The two sides met privately about a month ago. They have not discussed how it went.
“There has been nothing that the inspector general has said or done prior to our meeting, during our meeting, or subsequent to our meeting that has allayed any of the concerns that we raised,” Little said in the interview Tuesday.
Cumming declined to comment. “I agreed not to discuss the meeting, and I will stand by that,” she said.
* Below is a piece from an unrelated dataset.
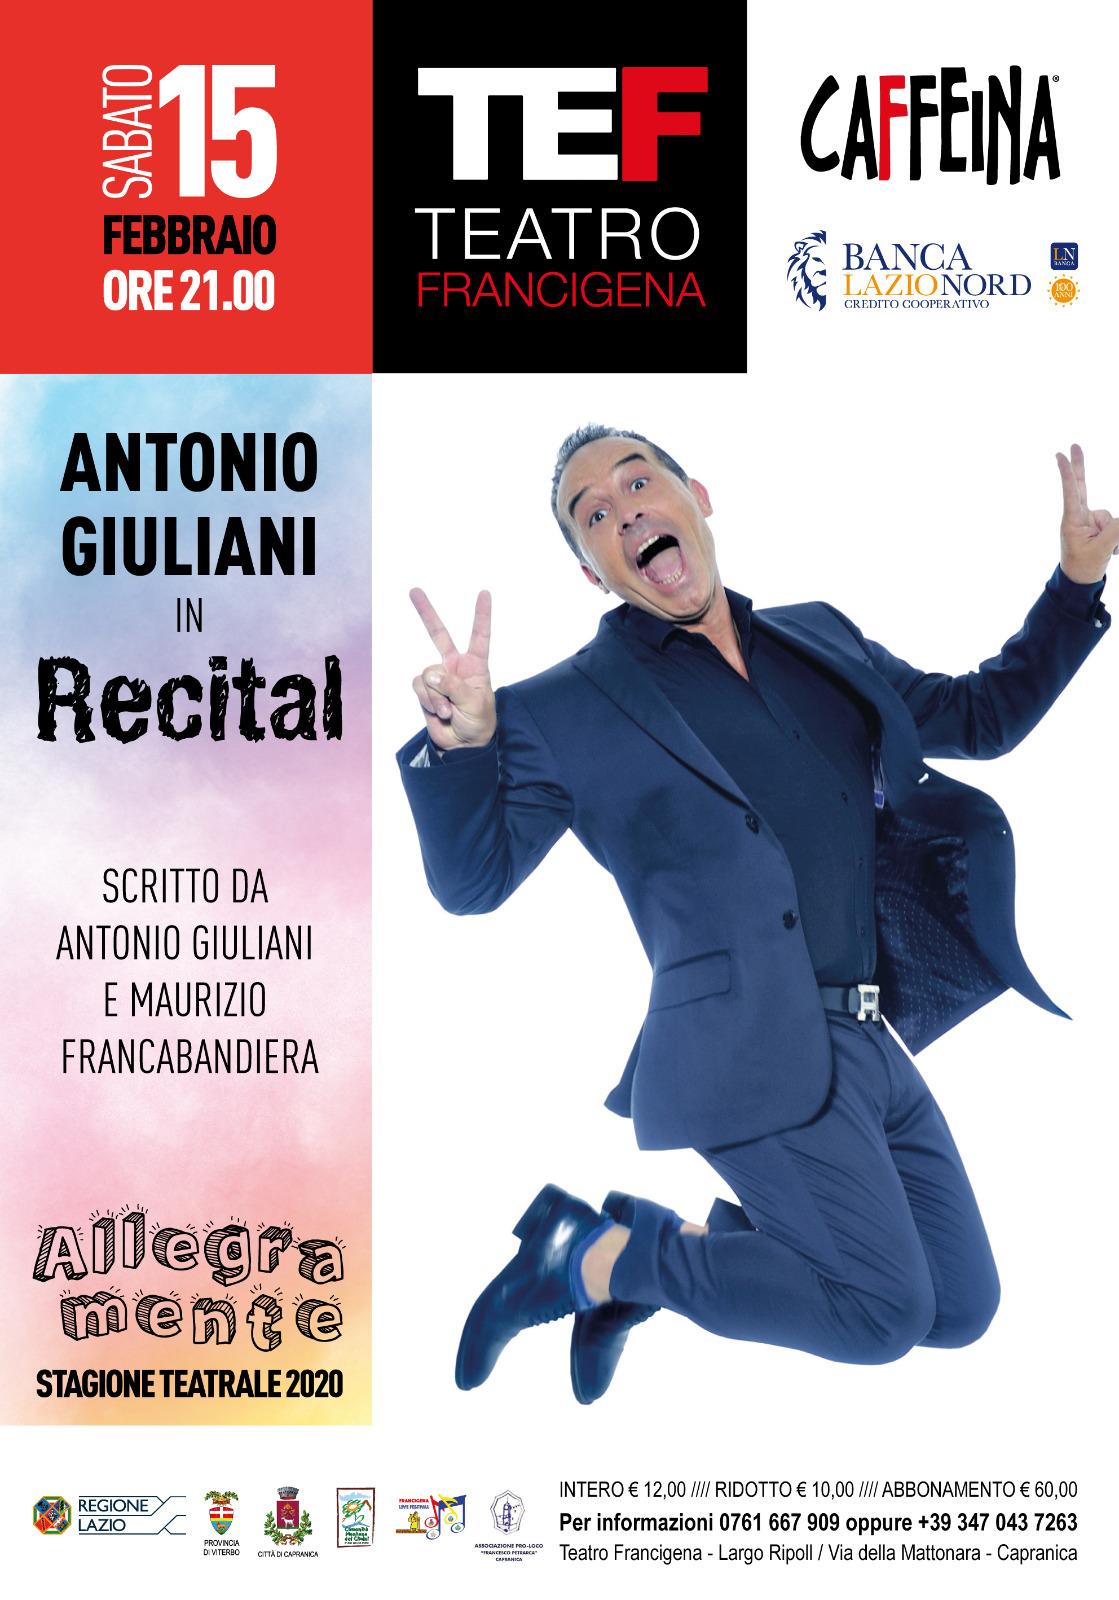 Capranica, Teatro, Antonio Giuliani al Teatro Francigena il 15 febbraio

Last week, she announced that her office has hired City Hall veteran Anthony McCarthy to aid its communication and equity efforts. McCarthy has worked as spokesman for three mayors — Democrats Sheila Dixon, Stephanie Rawlings-Blake and Catherine Pugh — and he’s served as a leader in the local chapter of the NAACP.
Cumming’s report on Mosby found she spent 144 days away from Baltimore in 2018 and 2019 — or one workday a week; Mosby’s office has disputed the number of days.
The inspector general also faulted Mosby for not requesting approval from the city’s spending panel for more than a dozen trips in 2018 and 2019. Nonprofit groups flew her to conferences in destinations such as Kenya, Scotland and Portugal. Private attorneys for Mosby argued that because the nonprofits — not taxpayers — paid for her travels, Mosby had no obligation to request approval.
The city solicitor reviewed the matter and sided with Mosby, finding she was not required to seek approval because the city’s administrative policies are unclear. The mayor asked the solicitor and city administrators to recommend policy fixes within 90 days.
Mosby’s office has said the State Ethics Commission also reviewed her travels and found no fault. The commission has said it does not comment on its work.
Meanwhile, The Sun reported last month that federal prosecutors opened a criminal tax investigation into Mosby and her husband, City Council President Nick Mosby. Investigators issued subpoenas for the couple’s financial records, including documents related to their political campaigns, private businesses and charitable donations. The investigators were led into City Hall last month by Cumming, according to surveillance footage obtained by The Sun.
Their attorney has said the couple has done nothing wrong, and called the federal investigation “a political witch hunt.”